Or we could do just the top 10 genes by adjusted p-value.

# get the top 10 genes by adjusted pvalue
top_10_genes <- 
  arrange(deseq_results, uninf_5dpf_hom_vs_sib_adjp) %>% 
  # sort by adjusted pvalue
  head(10)
  # and take the top 10 rows

top_10_plot <- volcano_plot +
  geom_label_repel(data = top_10_genes, aes(label = Name))
  # add labels using the top10 data.

To label genes on the plot from a list of gene ids, you need to find which rows contain your gene and subset to just those rows.

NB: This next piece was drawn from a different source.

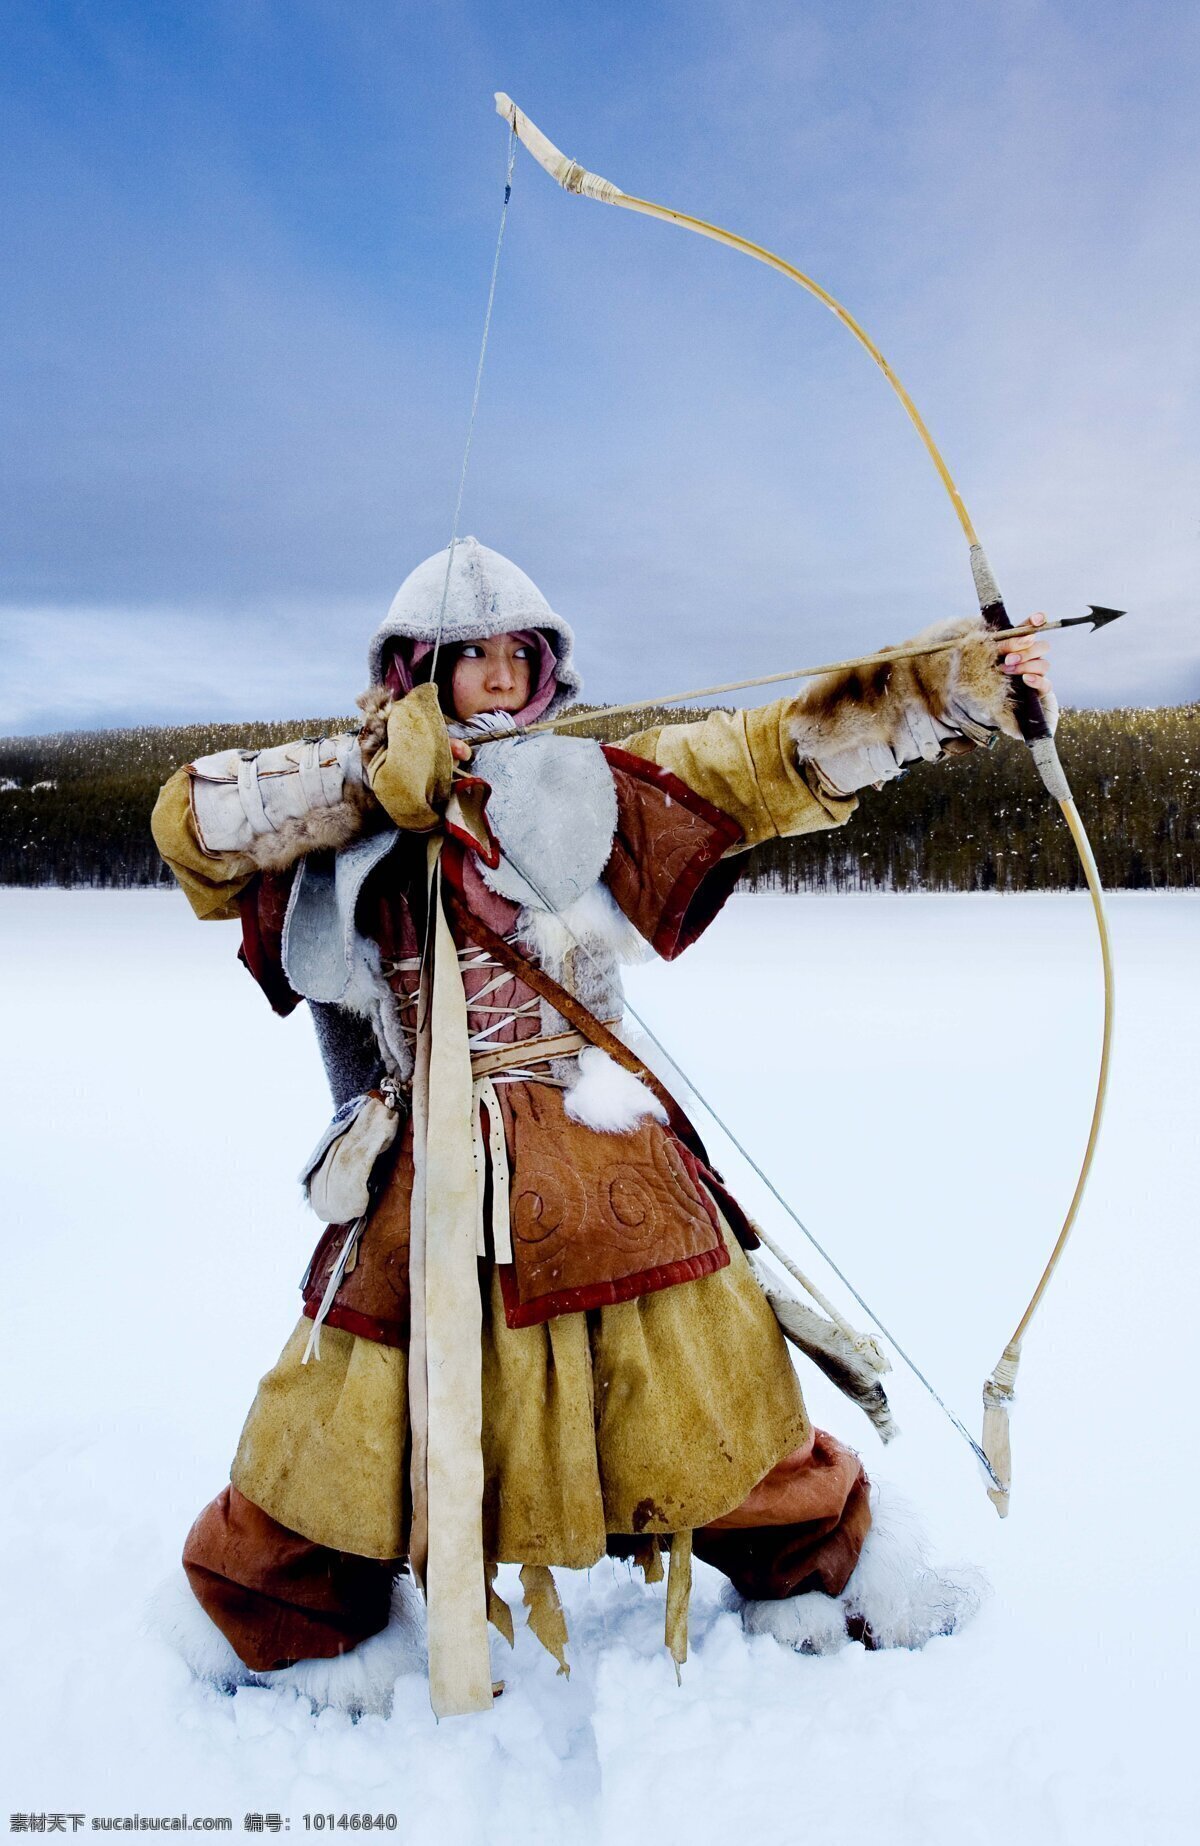 射箭 女性 雪地 模特 冬季时尚 弓 女性女人 人物图库
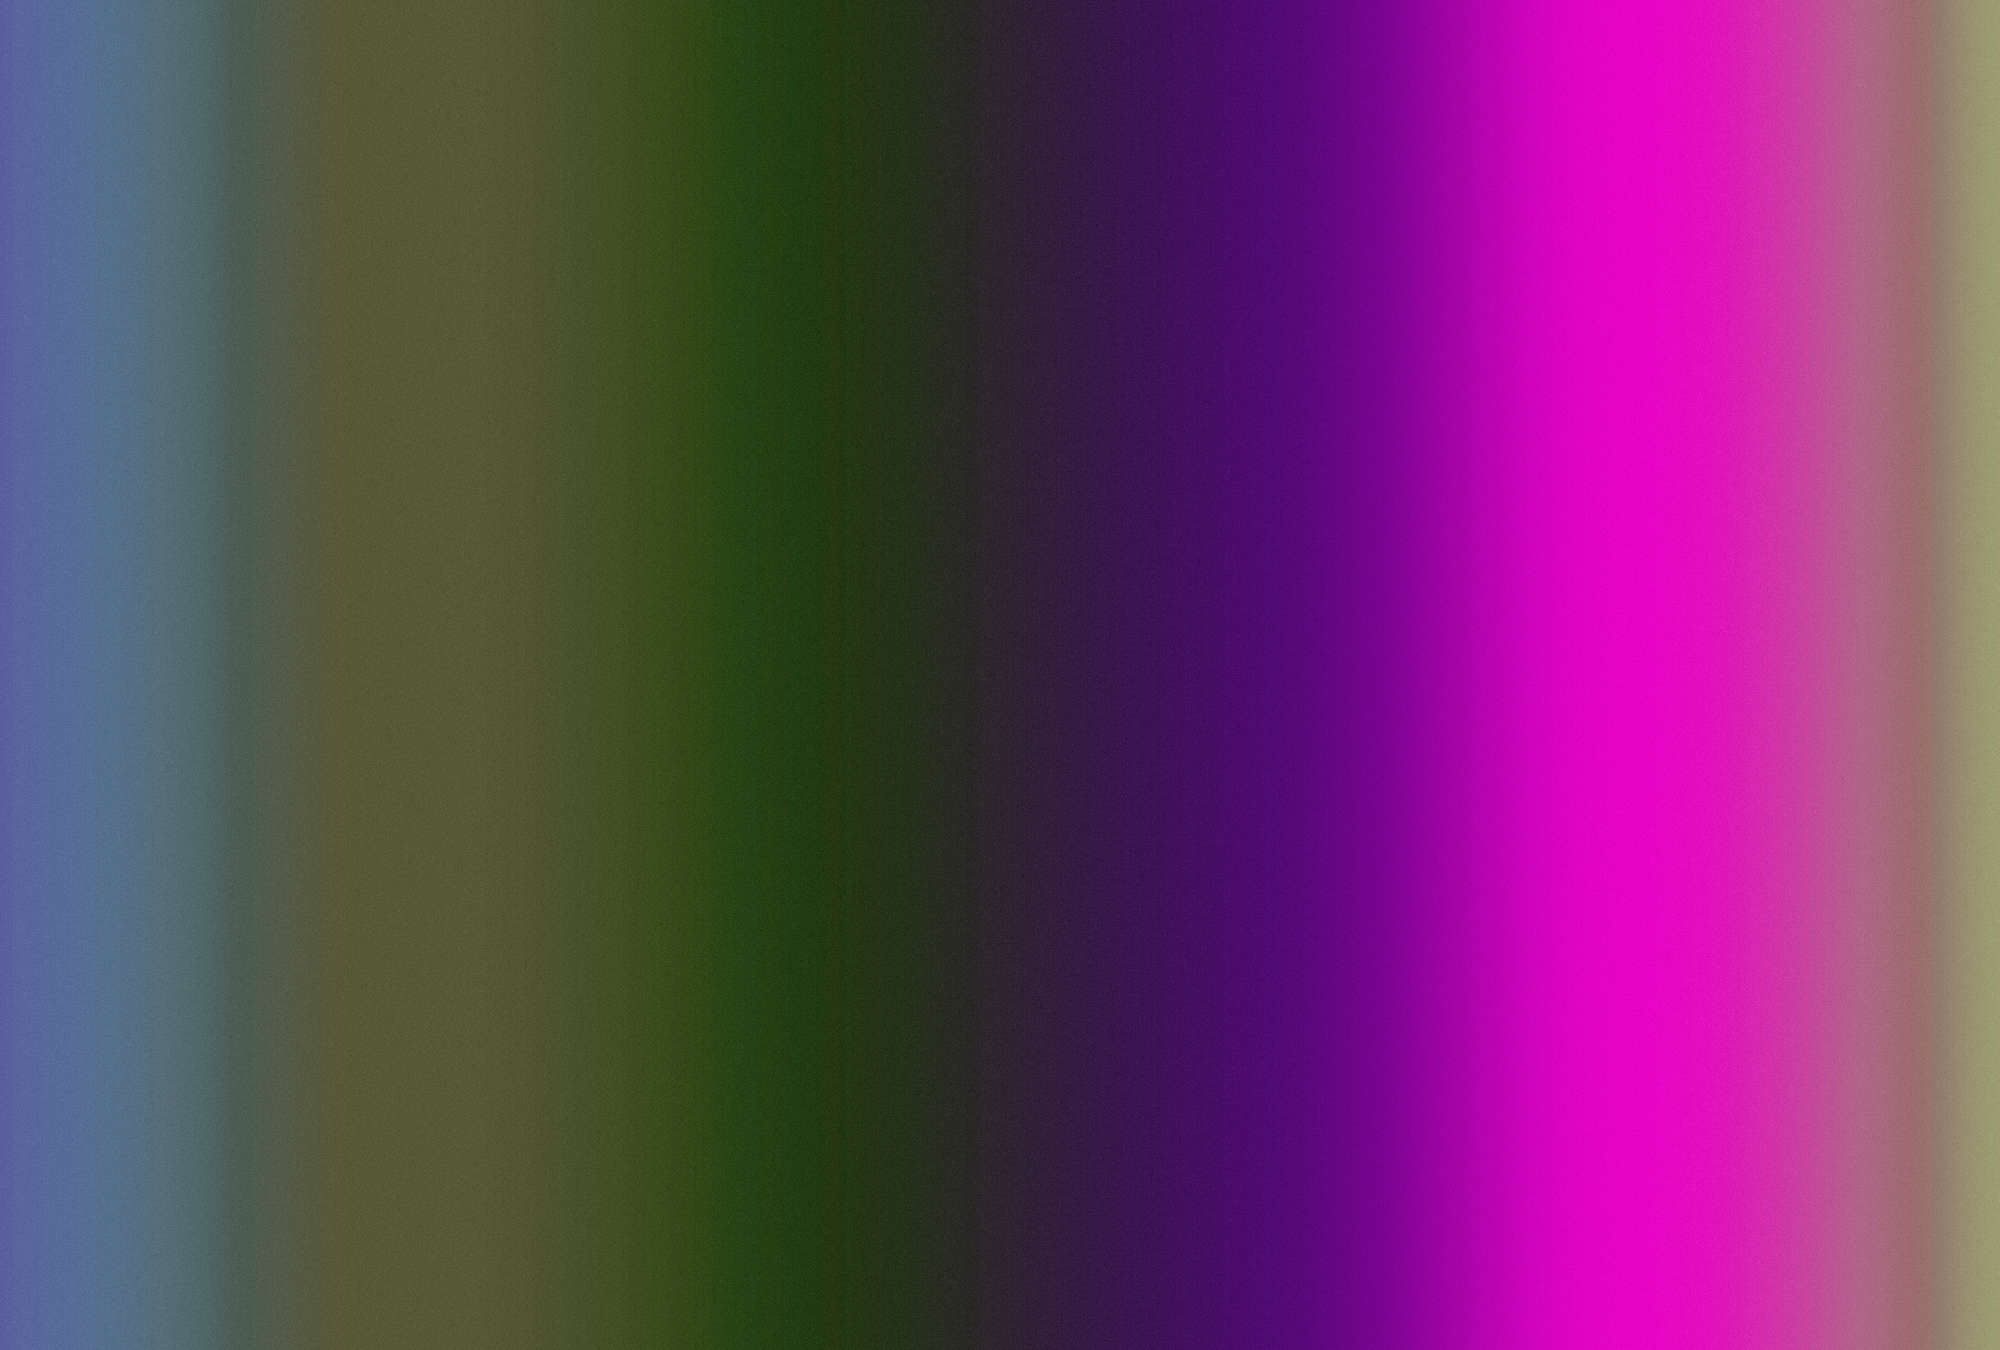             Over the Rainbow 3 – Fototapete buntes Farbspektrum mit Neon-Pink

# start with a vector of gene ids
geneIds <- c("ENSDARG00000044280", "ENSDARG00000022817",
             "ENSDARG00000001993", "ENSDARG00000099667",
             "ENSDARG00000099738", "ENSDARG00000019521")
# function to test which row number a gene is in
which.gene <- function(gene_id, column) {
  which(column == gene_id)
}
# this runs the which.gene function on the vector of gene ids
# so what you get back is a vector of row numbers
# which can be used to subset the deseq_results object
row_numbers <- sapply(geneIds, which.gene, deseq_results$GeneID)
highlight_genes <- deseq_results[ row_numbers, ]

# then you can make a new volcano plot using the highlight_genes
# object in geom_label_repel
specific_genes_volcano_plot <- volcano_plot +
  geom_label_repel(data = highlight_genes, aes(label = Name))

Extra exercises

Try replotting the volcano plot without polr2a. You’ll need to make a data.frame without polr2a in it using filter.
What does the plot look like if you don’t sort the data by adjusted p-value first? Rerun the code to load the data and create the -log10p, sig and up_or_down columns but don’t sort by adjusted p-value.

Count Plot

To plot the normalised counts for each sample for a gene it helps to have a table of the sample info. This samples file has different properties of the condition (stage, treatment and genotype) in separate columns.

sample_info_file <- 'samples.tsv'
sample_info <- read_tsv(sample_info_file)
# set sample column name
names(sample_info)[1] <- 'sample'

# split condition into three separate columns
sample_info <- separate(sample_info, condition, 
                        into = c('treatment', 'stage', 'genotype'), sep = "_")

# set levels of treatment, stage and genotype
sample_info$treatment <- fct_relevel(sample_info$treatment, "uninf", "inf")
sample_info$stage <- fct_relevel(sample_info$stage, '3dpf', '5dpf', '7dpf')
sample_info$genotype <- fct_relevel(sample_info$genotype, 'wt', 'het', 'hom')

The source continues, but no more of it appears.